The signature will only attest authenticity and integrity of the document. If it is vital for your application to be able to tell that the signed document received is actually the one that was expected, then I'd advise you to do the following:
Create the PDF on the server
Create a hash of the document (same algorithm that will be used by the signature applet)
Send the PDF to the client
Let the client sign it and send it back
Compare the client's hash with the one previously computed on the server
Validate the signature
Validating the signature will ensure integrity and authenticity, comparing the hashes will guarantee you that the signed document you received on the server is indeed a signed version of the original document previously created.
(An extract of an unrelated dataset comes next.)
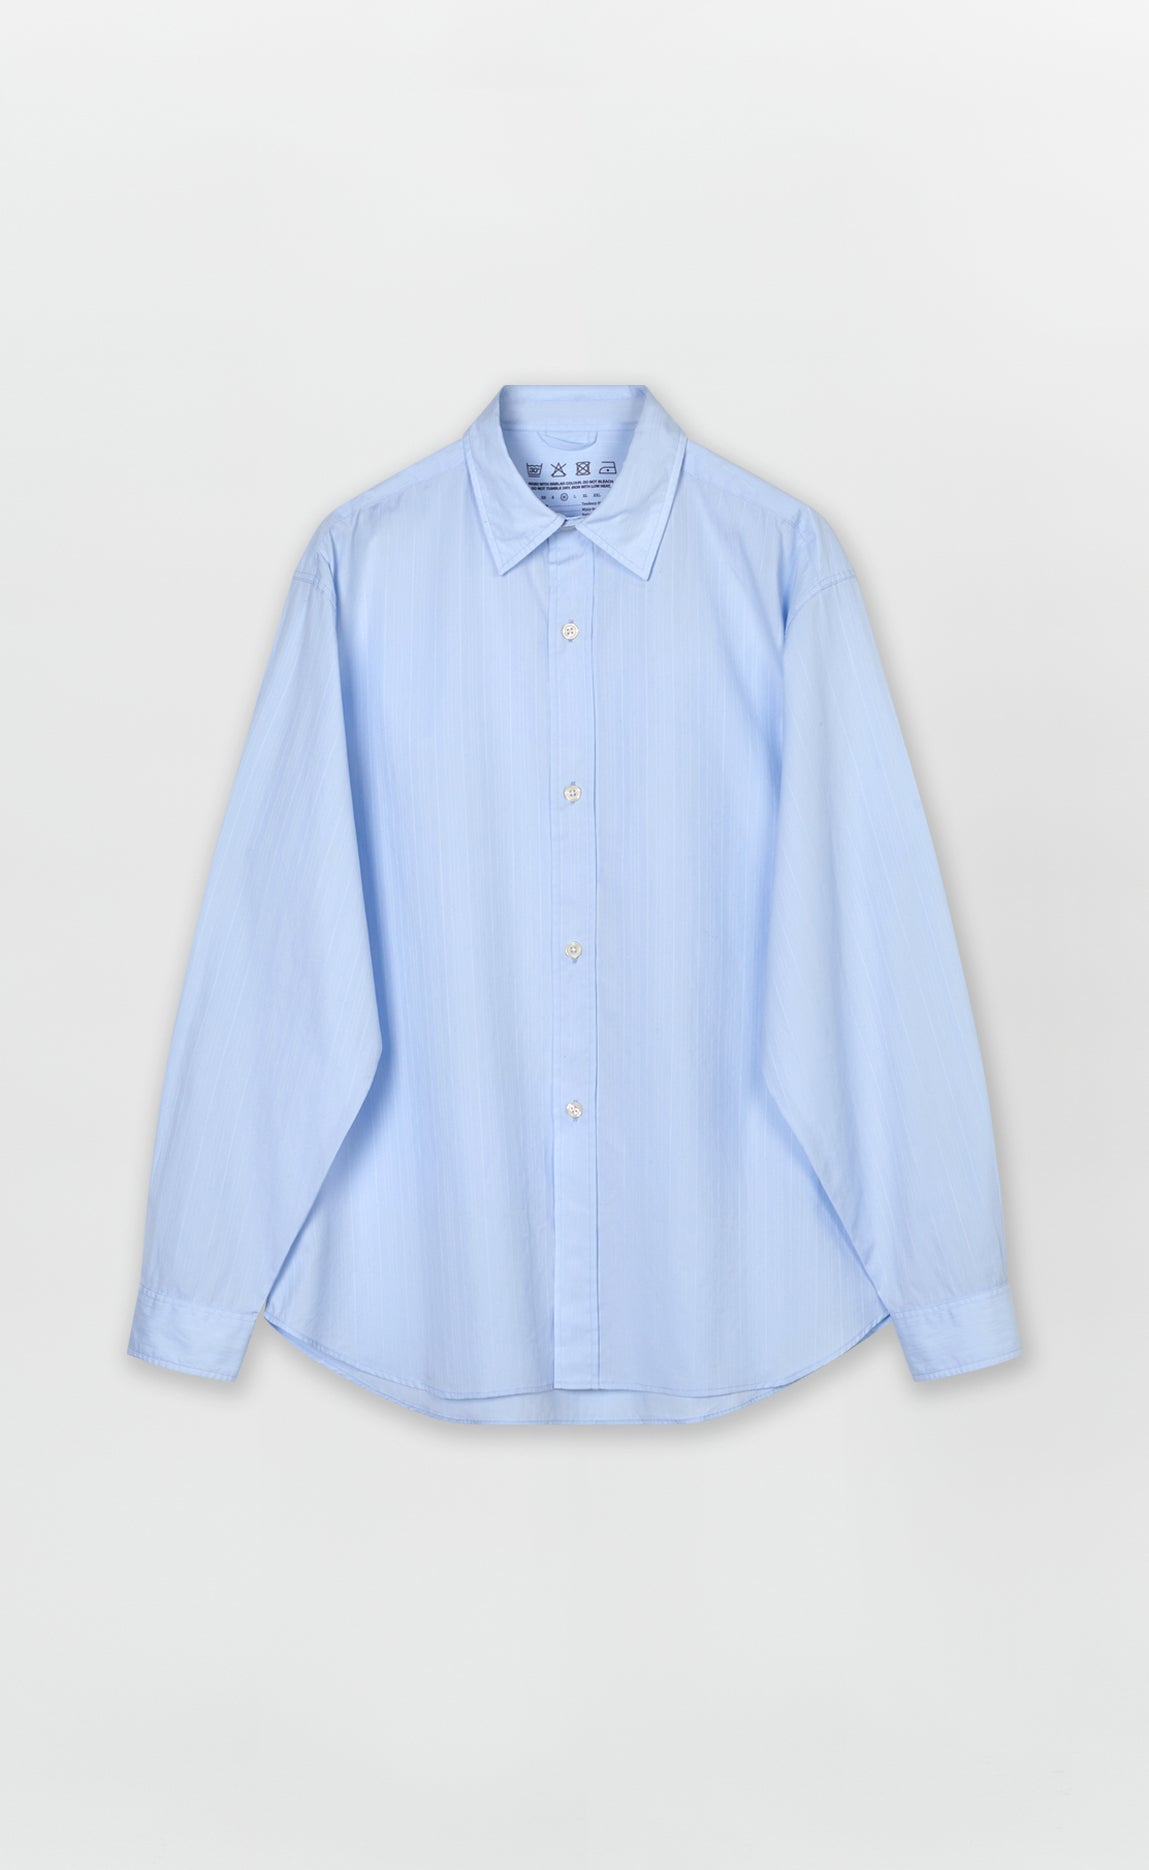 Tendency Shirt - Light Blue Stripe

Concerning timestamps using local clocks: they're worthless, it's very easy to cheat. What you actually should use there is RFC 3161-compliant cryptographically secured timestamps, issued by a trusted third party. Currently that's the only reliable way to include the notion of time in PDF signatures. There's also built-in support for this in Adobe Reader for example. As these services are generally not available for free, it would make sense to add such a timestamp on the server after receiving the signed document. They are added as an unsigned attribute to the CMS (Adobe still speaks of PKCS7) signature, so it won't break the signature and can safely be added after signature creation.
Okay, let's try to answer your question (as I understand it).
You have some software which uses some private key (and a clock) to add a signature to a file.
This signature is depending on the contents of the file, and thus makes sure that the signer knew (or could have known) the contents of the file at the time it signed it. (There are some ways to have "blind signatures", but I assume this is not the case here.)
Uploading the signed file anywhere does not change anything here.
About the timestamp: The key holder can put in any timestamp it wants - so this only helps if you want to prove knowledge of the document at some point in time against the key holder, not if you are the key holder and want to prove that you signed at some point in time and not earlier or later. (Also, are you sure his clock is not skewed?)
About whether this is legally relevant, you will have to ask your lawyer. It might depend on
the jurisdiction in which the signature happened, and the one in which you want the signed document to be valid
whether the owner of the key had a chance to actually read the document before signing
whether the owner of the key had actually a choice of signing or not.
If you use some applet or ActiveX control in the user's browser, I would not be totally sure that the last two points really hold.